Lastly, a fusion between the sulfur hydrogenase beta and gamma subunits, which are involved in sulfur/sulfide reduction, was observed. This composite protein has so far only identified in 11 archaeal assemblies, mainly in Thermoplasmatales, Ca. Bathyarchaeota, as well as several bacteria.
Complexes from mitochondrial-like respiratory chains
The mitochondrial electron transport chain is characterized by the presence of four complexes (I to IV) and an ATP synthase. Each one of these complexes has homologues within the prokaryotic domain, namely in Archaea. Complex I is part of group 4 of membrane-bound [NiFe] hydrogenases and within Archaea, due to the inexistence of the electron input module NuoEFG, denominated as Fpo (F420H2:phenazine oxidoreductase) (106), or Fqo, F420H2 quinone oxidoreductase (107). A fusion between the subunits B and C of this complex was identified in 47 assemblies with diverse taxonomic affiliations (cluster 482), with 10 of these cases being further fused to subunit D (cluster 482). Importantly, in the initial group (fqoBC), the protein from Archaeoglobus fulgidus is present, as previously suggested to be a fusion of those subunits (107). Regarding the terminal heme-copper oxygen reductase (Complex IV), the fusion between subunits I and III was identified (cluster 251), in which, the experimentally characterized S. acidocaldarius protein is present. The possibly identified fission event regarding complex II or succinate dehydrogenase was already discussed above (TCA cycle).
Amino acid metabolism
The majority of fusion events related to amino acid metabolism are present in the biosynthesis of histidine and aromatic amino acids pathways. The initial steps of histidine biosynthesis are catalyzed by the bifunctional fusion protein phosphoribosyl-AMP cyclohydrolase/phosphoribosyl-ATP pyrophosphohydrolase (HisIE) (108). While initially thought to be widely distributed only in Thermococcales and Thermoplasmatales (109), this fused form has now been found in some novel methanogenic lineages, including Methanomassilococcales, Methanofastidiosa, and Methanomethyliales (cluster 384). On the other hand, split syntenic pairs of HisIE are present in Thermoproteales, Ca. Bathyarchaeaota, Ca. Hadesarchaea, and Desulforococcales (cluster 384). The emerging distribution of HisIE suggests that the fusion might have originated within the archaeal clade itself, providing a possible alternative to the previously suggested horizontal gene transfer from bacterial partners (109). Another intriguing fusion event involves two subunits of imidazole glycerol phosphate synthase (HisH and HisF), found fused mostly in eukaryotic species (110). The fused HisHF is present in 2 Archaeoglobales species and has approximately 70% identity to HisHF from sulfate-reducing bacteria (cluster 787.3). However, the identified HisF may also function as a phosphoribosylformimino-5-aminoimidazole carboxamide ribotide isomerase (HisA) since they are homologous and have evolved from an ancient duplication (109). Moreover, HisA/F fusions with HisIE (phosphoribosyl-AMP cyclohydrolase/phosphoribosyl-ATP pyrophosphohydrolase) have been identified in four metagenomic assemblies, scarcely distributed across DPANN and unclassified Archaea (cluster 787.1). Interestingly, the bifunctional imidazoleglycerol-phosphate dehydratase/histidinol-phosphatase (HisB) (111) and the fusion of HisIE with histidinol dehydrogenase (HisD) (112), present in Bacteria and Eukarya (109), were not identified in the Archaea domain.

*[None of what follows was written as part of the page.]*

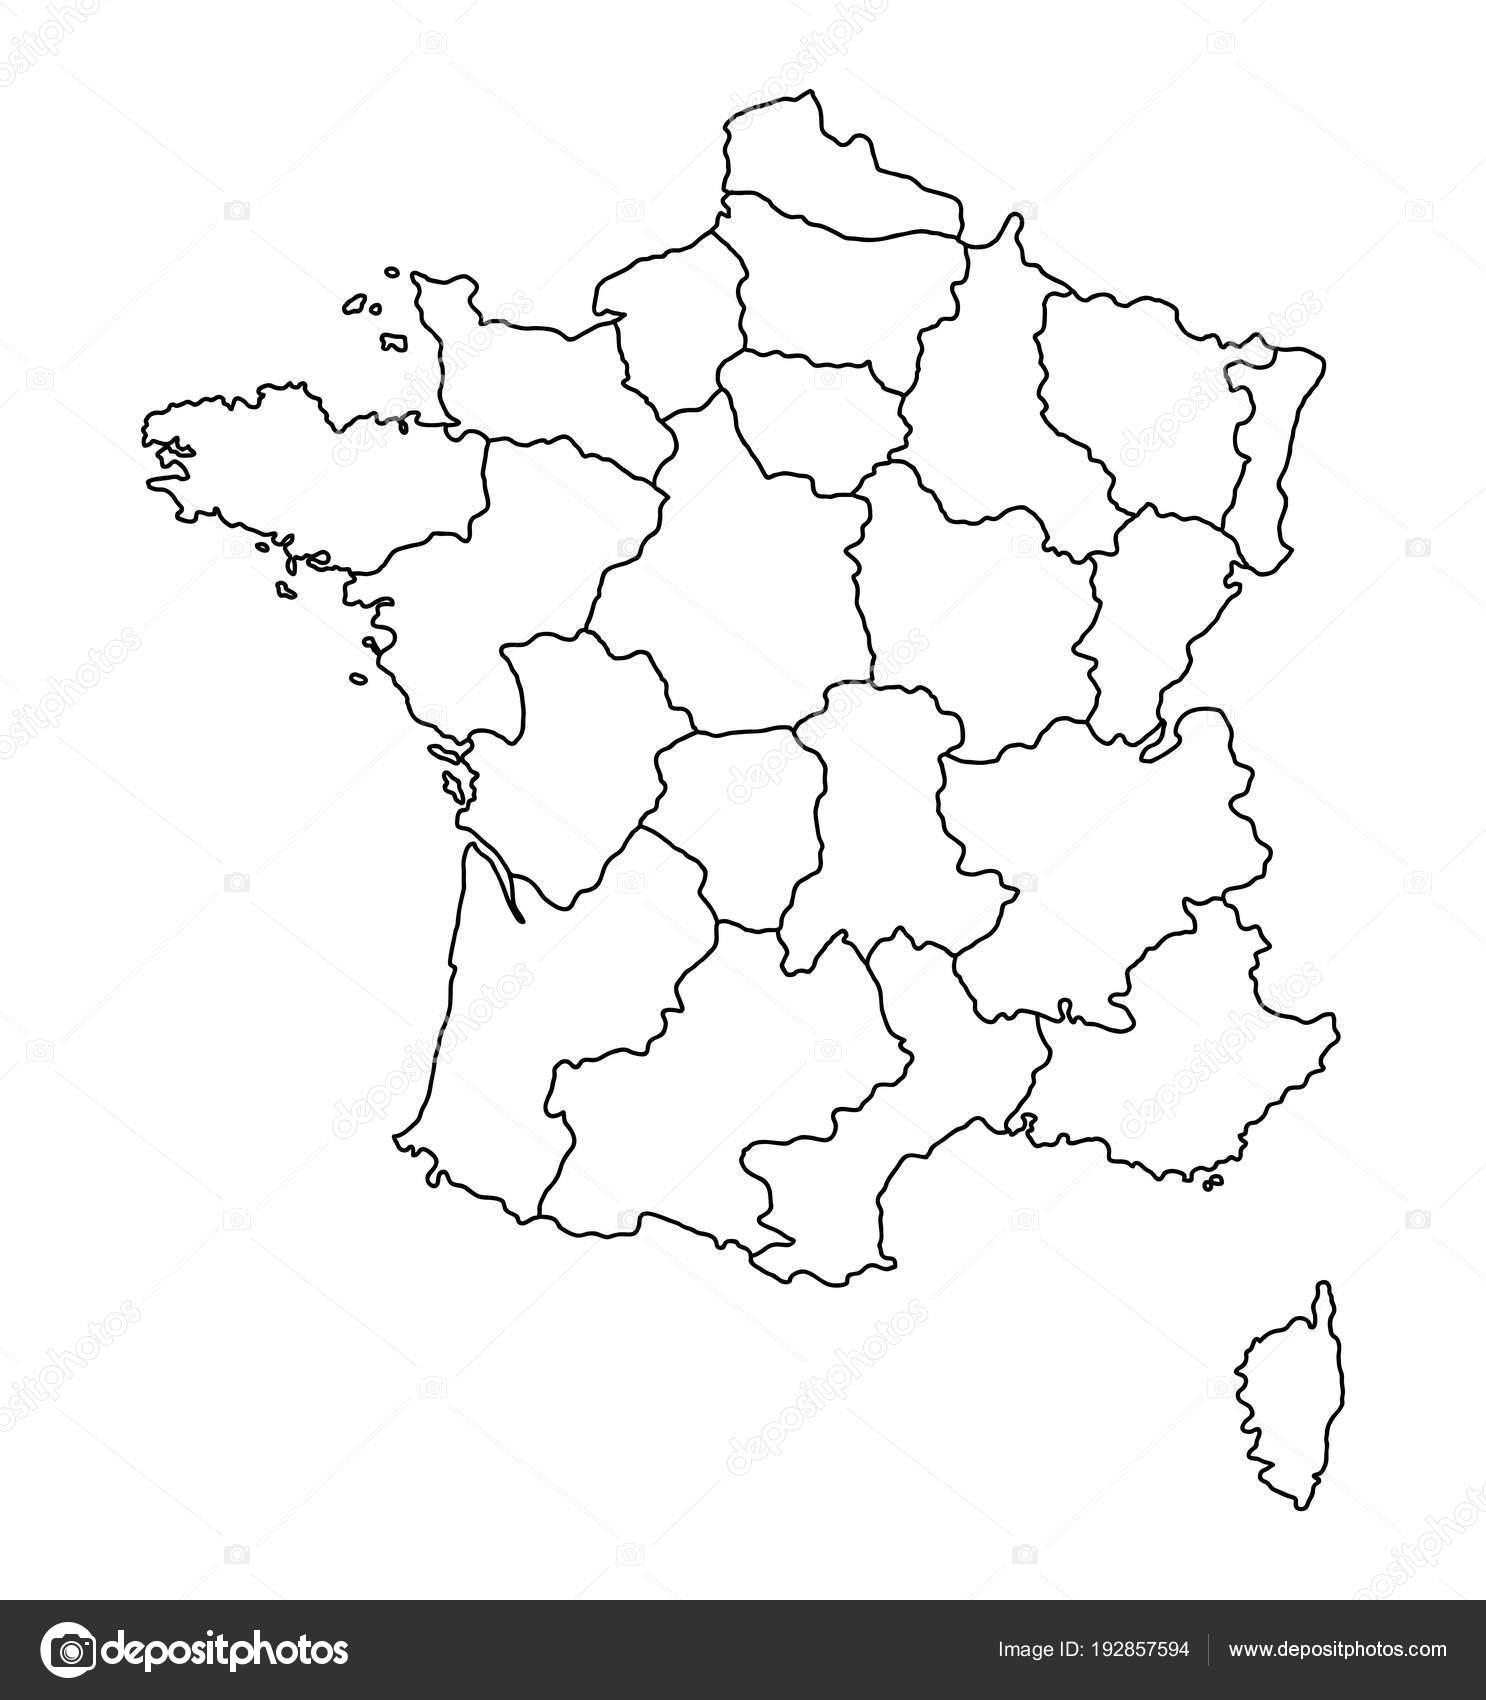 Outline Of Map Of France.Outline Map France Stock Vector C Blacklava36 192857594

In the biosynthesis of chorismate, a key precursor of aromatic amino acids, several composite proteins have been identified (Fig. 5). A fusion between 3-dehydroquinate dehydratase (aroD) and shikimate dehydrogenase (aroE) genes, first discovered in plants (113), was also identified in some archaea, including 8 Methanofastidiosa and 10 Methanomassiliicoccales assemblies, as well as in two bacterial phyla (198 assemblies of Planctomycetes and 88 assemblies of Acidobacteria) (cluster 359.1). A fusion involving aroE and the shikimate kinase aroK (114) genes has been identified in Methanomicrobiales (42/55), one unclassified Methanomicrobia, and two bacterial assemblies (cluster 319).
In the tryptophan biosynthesis pathway, the composite protein anthranilate synthase/phosphoribosyltransferase (TrpGD) catalyzes the initial steps of the pathways in a range of bacteria (115) (cluster 373). Interestingly, trpGD was found fused to a nitric oxide reductase gene (nor) in one Methanocella genome, indicating a unique evolutionary event in this archaeal lineage or a result from interdomain LGT (cluster 373.2). A fusion between trfD and trfC genes was also identified in some organisms (cluster 940). In addition, a fusion between phosphoribosylanthranilate isomerase (trpF) and tryptophan synthase beta chain (trpB) (116), although rare, has been identified in both bacterial and archaeal domains (cluster 830.1, single fusion protein trpAB in 830.2). Finally, in two assemblies, a fusion between trpF and trpC was identified (cluster 1136).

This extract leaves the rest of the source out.